Thursday, February 26, 2009

Antipsychiatry: Dumb and Dumber


A few weeks ago, I came across a comment from an antipsychiatry blog referring to Kay Jamison as "lithium-addled." Yesterday, I stumbled on a blog post from someone named Stan, entitled, Kay Jamison, The Unquiet Fraud.

What gives?

First Stan comments on Vincent Van Gogh:

"If he lived today he would be locked away painting blank canvasses to no one ... blinded by antipsychotics ... "

Actually, Stan, for all we know, he might have picked up an Oscar the other night and thanked Pfizer for making it possible. What we do know is that Van Gogh aimed a pistol at his chest and pulled the trigger. He was 37.

But Stan contends, "it was never a life in vain."

Let's defer to Van Gogh, himself, on this: "What am I in the eyes of most people - a nonentity, an eccentric, or an unpleasant person - somebody who has no position in society and will never have; in short, the lowest of the low."

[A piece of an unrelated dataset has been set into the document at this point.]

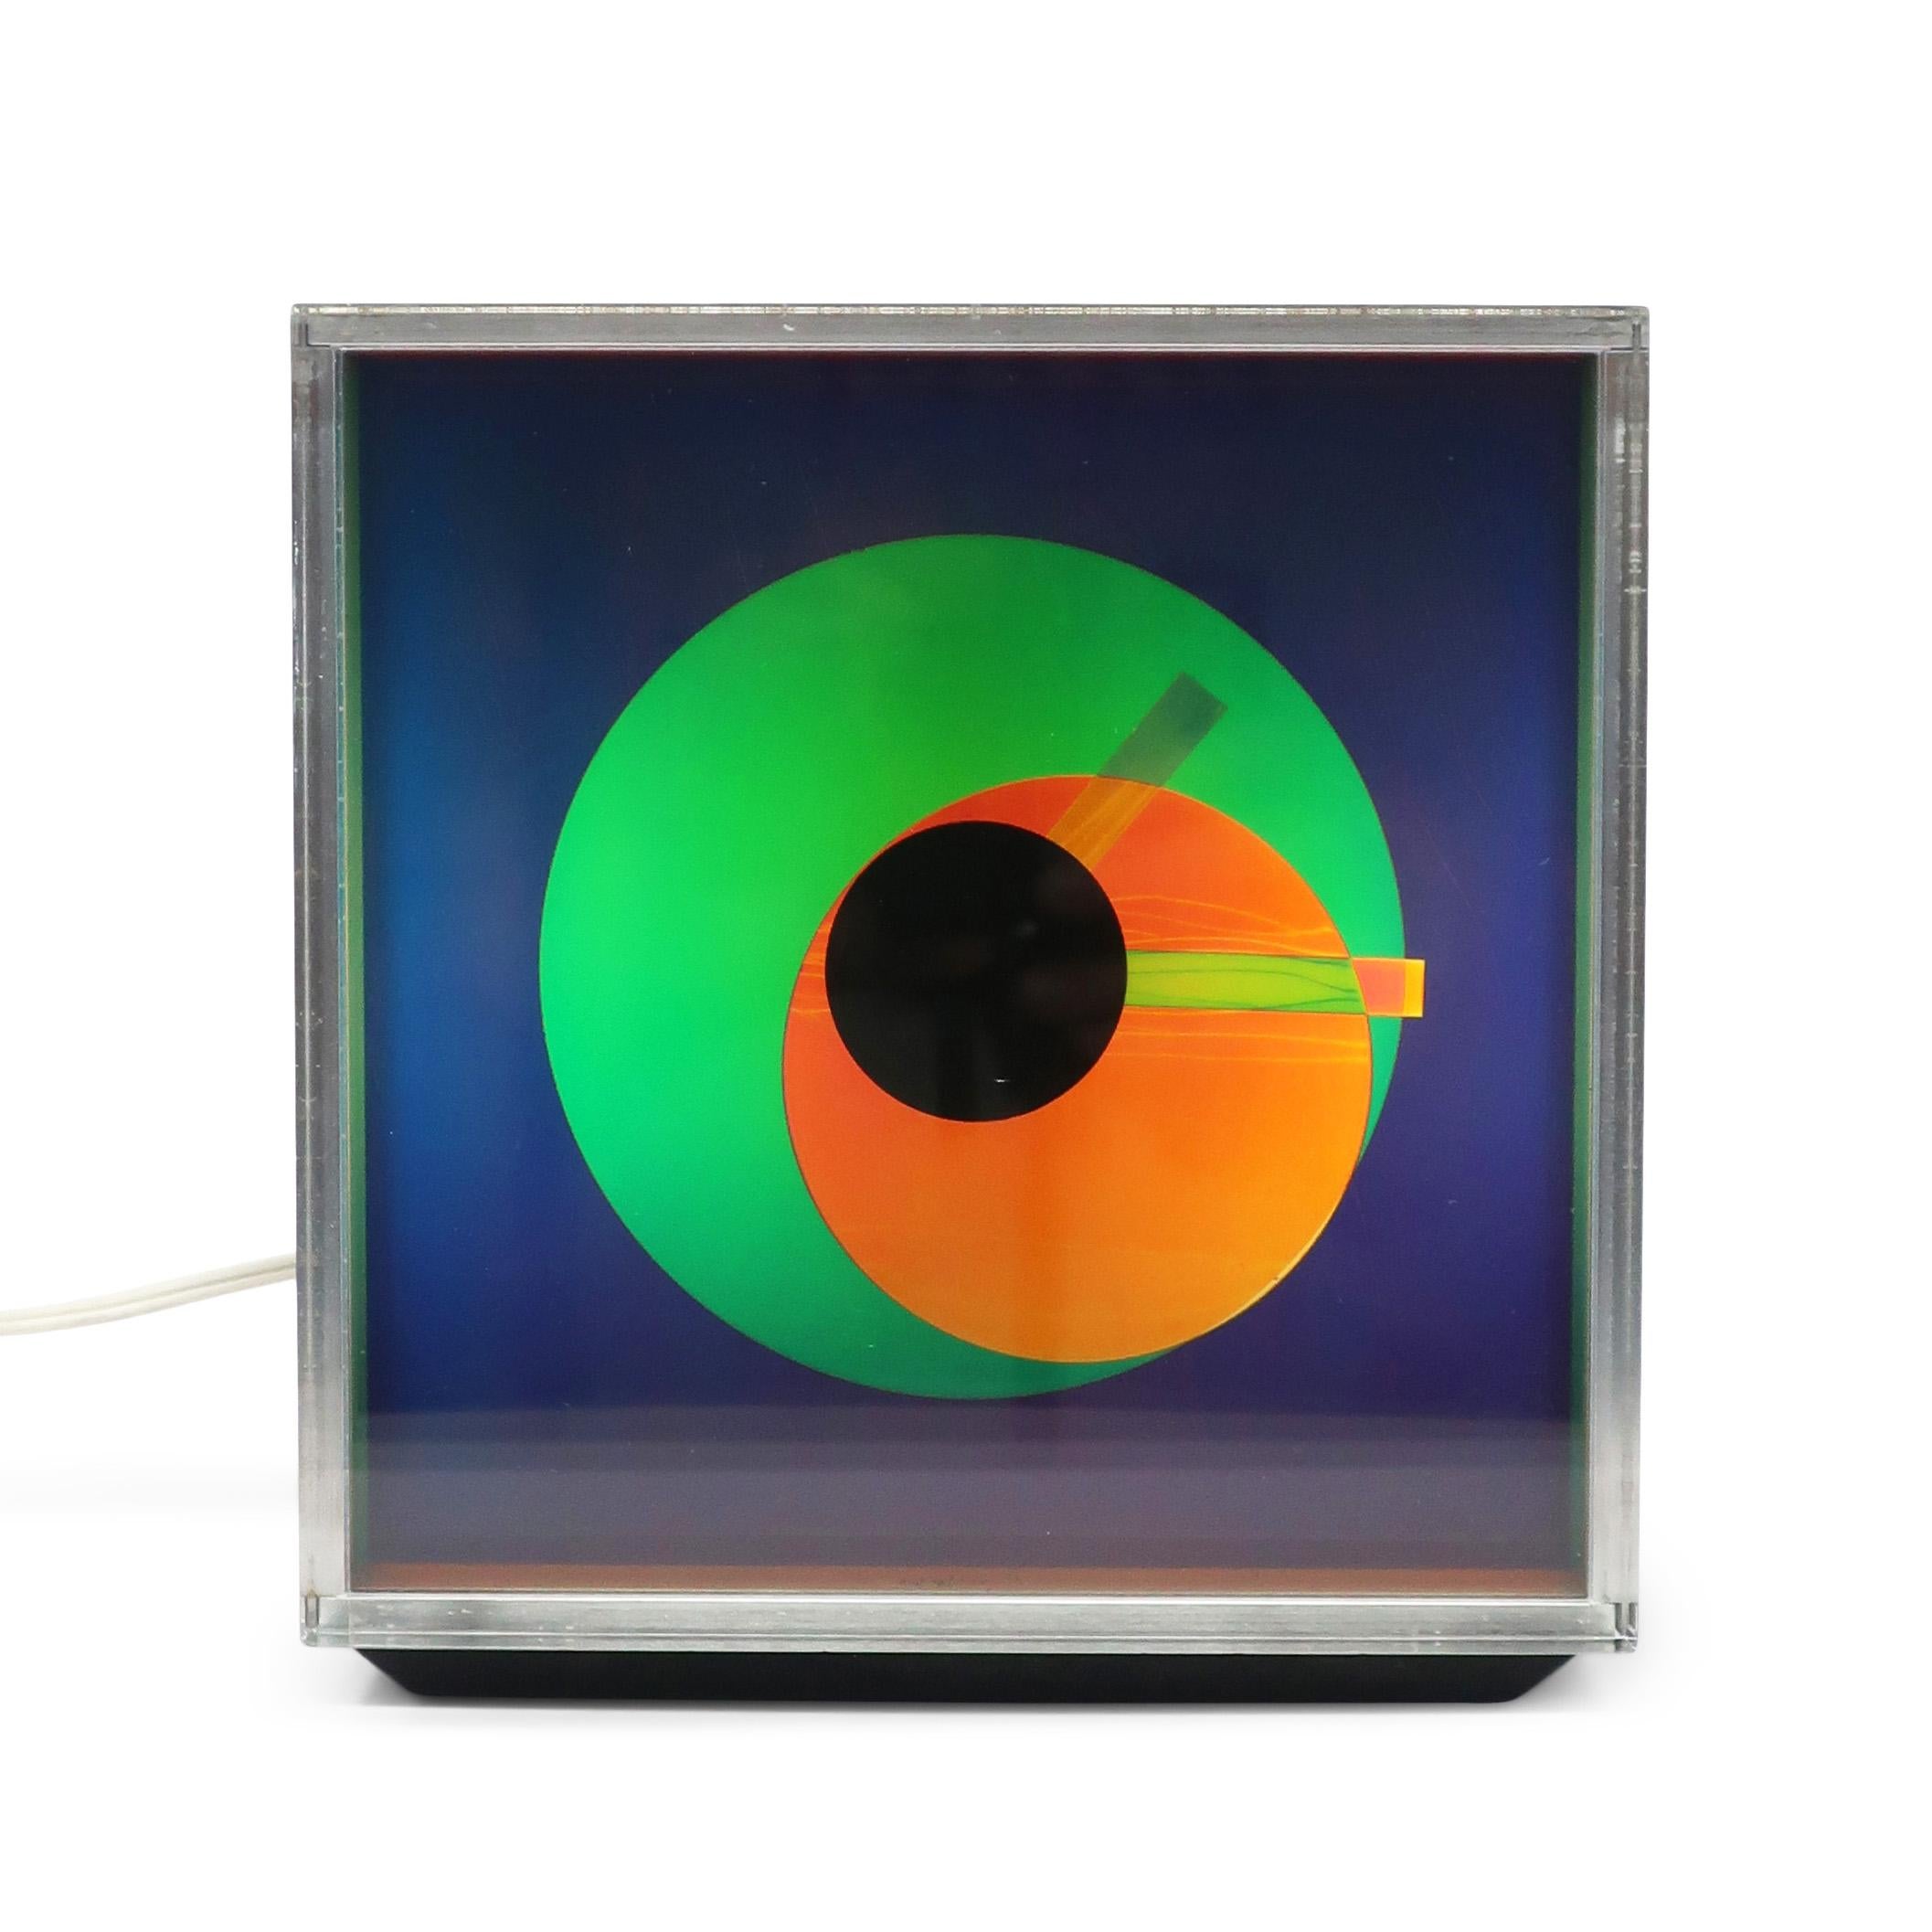 An op art inspired piece from 1976, the Prisma clock by Kirsch Hamilton Associates manages to capture vibrant colors, minimalism, and 1970s space age design.  This mysterious color changing clock has a chrome body, thick lucite lens over laminated

Who knows what choices Van Gogh would make today? Maybe he would choose not to lead a tortured life. Maybe he would choose to stay on meds. Maybe he would choose not to paint. That's the point, he could choose. He would have choices.

I really don't want to pick on Stan, and I would really rather be writing about other things, but this sort of thing is all too typical of the commentary on the blogosphere. The only reason I found this piece was because it came up near the top under a Google Blog search that day.

This is the new democracy of web 2.0. Anyone who takes five minutes to set up a Blogger account can get the same attention as Kay Jamison.

Speaking of Kay Jamison: In the same blog post, Stan takes Dr Jamison to task for ascribing Van Gogh's "precious madness" to the false label of bipolar. Not only that:

"Kay Jamison has been running around for many years publishing one book after another telling us all how wonderful her drugs are in controlling her 'Bipolar Label.'"

Hmm, excuse me if I'm wrong, but ...

Off her lithium, Dr Jamison attempted suicide. On her lithium, she is a professor at Johns Hopkins, co-author of the definitive text on bipolar, best-selling author, recipient of a McArthur genius grant and numerous other awards, plus was in a successful marriage (cut short by the death of her husband).

In short, Dr Jamison exercised a choice that was, sadly, unavailable to Van Gogh.

***

From mcmanweb:

Vincent and Me

There was that little bit of sky pressing down on the fields, as if of a heavier substance than earth, and there were the fields trying to crowd the sky out of the canvas, as if vaster than the heavens. And there were the crows, hedging their bets, represented by stark black flicks. ...

Madly Creative

Says Dr Jamison, in her introduction:

"The fiery aspects of thought and feeling that initially compel the artistic voyage - fierce energy, high mood, and quick intelligence, a sense of the visionary and the grand, a restless and feverish temperament - commonly carry with them the capacity for vastly darker moods, grimmer energies, and, occasionally, bouts of 'madness.'"

22 comments:

Cristina Romero-Sierra said...

Hi John. Another interesting piece. I'm happy to see that the glitch is fixed and we can now post comments.

It's upsetting that whether a person is on meds or off meds, they are often criticized. Damned if you do, damned if you don't.

Anyway...

I was wondering if you could consider that we now live in a time because of the meds available that we have lots of different groups of psychiatric patients:

-Off meds and sicker than on meds
-Off meds and better than on meds
-On meds and sicker than off meds due to side effects than off meds
-On meds and just as sick as off meds, due to side effect trade-off
-On meds and just as well as off meds, due to side effect trade-off
-On meds and better than off meds

A person's body and mind changes, and our response to meds change, etc., so any person can group hop. :)

What do you think?

Therese Borchard said...

This is an excellent post, John. I have the same frustrations. I heard Jamison speak a year ago on creativity and I was so empowered by her statement that drugs are our allies, not our enemies. You are the Peter Kramer of the bipolar world. Go get em! t

John McManamy said...

Many thanks, Therese. It's not an easy job living up to my reputation as McPimp*, Seroquel Sycophant*, reprehensible*, and on and on and on. But I'll try. :)

* Actual names I've been called by antipsychiatrists. Plus others way too numerous to mention.

(Click Therese's link to her BeyondBlue blog, which I cannot highly recommend enough.)

John McManamy said...

Hi, Christina. Excellent breakdown. And here is where I would love to work with "smart" antipsychiatrists.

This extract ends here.